**** DATA SUPPLIED

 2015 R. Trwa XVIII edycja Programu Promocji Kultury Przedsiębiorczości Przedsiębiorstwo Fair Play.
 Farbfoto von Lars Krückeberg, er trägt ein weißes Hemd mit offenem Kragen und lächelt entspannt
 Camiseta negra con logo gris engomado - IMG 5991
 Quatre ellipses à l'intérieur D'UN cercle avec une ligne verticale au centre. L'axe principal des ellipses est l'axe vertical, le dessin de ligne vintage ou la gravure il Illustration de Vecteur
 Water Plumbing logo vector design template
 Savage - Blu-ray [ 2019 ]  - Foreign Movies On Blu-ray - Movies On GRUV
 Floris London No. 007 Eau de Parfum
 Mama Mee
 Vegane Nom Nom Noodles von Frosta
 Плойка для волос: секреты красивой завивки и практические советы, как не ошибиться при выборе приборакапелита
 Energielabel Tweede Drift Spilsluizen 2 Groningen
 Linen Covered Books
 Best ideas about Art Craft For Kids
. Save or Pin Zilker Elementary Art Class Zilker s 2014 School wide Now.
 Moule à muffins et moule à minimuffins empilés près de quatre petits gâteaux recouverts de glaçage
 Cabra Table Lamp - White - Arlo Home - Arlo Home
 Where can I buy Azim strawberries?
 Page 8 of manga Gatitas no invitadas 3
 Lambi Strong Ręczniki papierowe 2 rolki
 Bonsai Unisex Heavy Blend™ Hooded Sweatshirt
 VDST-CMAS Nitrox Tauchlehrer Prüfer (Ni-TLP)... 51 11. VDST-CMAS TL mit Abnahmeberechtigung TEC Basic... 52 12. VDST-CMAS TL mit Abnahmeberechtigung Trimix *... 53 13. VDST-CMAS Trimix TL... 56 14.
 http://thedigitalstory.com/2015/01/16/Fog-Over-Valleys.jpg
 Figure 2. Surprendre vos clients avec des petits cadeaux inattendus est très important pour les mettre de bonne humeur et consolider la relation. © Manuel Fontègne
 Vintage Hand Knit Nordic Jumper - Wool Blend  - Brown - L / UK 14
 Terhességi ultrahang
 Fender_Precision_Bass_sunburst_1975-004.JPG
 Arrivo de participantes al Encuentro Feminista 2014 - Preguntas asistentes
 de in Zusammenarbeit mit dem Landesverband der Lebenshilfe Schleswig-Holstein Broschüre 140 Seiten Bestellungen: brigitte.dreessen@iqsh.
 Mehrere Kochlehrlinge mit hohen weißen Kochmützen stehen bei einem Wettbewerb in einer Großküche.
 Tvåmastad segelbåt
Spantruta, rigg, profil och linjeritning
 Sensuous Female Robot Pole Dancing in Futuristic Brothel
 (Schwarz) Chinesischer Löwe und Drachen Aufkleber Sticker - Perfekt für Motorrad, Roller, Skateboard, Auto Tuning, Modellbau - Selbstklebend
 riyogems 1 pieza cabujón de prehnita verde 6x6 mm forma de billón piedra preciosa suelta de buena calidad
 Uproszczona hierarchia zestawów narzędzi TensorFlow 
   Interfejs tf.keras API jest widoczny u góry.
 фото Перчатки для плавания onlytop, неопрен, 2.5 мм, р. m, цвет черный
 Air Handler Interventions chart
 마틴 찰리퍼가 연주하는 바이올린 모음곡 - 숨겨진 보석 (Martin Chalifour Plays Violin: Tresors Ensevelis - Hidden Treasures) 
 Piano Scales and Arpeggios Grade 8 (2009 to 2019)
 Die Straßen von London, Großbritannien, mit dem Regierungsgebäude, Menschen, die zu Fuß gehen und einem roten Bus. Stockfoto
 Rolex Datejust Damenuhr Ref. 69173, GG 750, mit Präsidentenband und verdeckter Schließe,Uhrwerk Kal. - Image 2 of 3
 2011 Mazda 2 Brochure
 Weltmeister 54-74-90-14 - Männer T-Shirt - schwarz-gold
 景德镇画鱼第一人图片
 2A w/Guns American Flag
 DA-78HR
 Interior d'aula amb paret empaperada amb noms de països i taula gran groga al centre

********

ACTION ITEM
In the data above, retype exactly and only the lines between the one holding "Water Plumbing logo vector design template" and the one holding "Energielabel Tweede Drift", inclusive.

TASK ANSWER
 Water Plumbing logo vector design template
 Savage - Blu-ray [ 2019 ]  - Foreign Movies On Blu-ray - Movies On GRUV
 Floris London No. 007 Eau de Parfum
 Mama Mee
 Vegane Nom Nom Noodles von Frosta
 Плойка для волос: секреты красивой завивки и практические советы, как не ошибиться при выборе приборакапелита
 Energielabel Tweede Drift Spilsluizen 2 Groningen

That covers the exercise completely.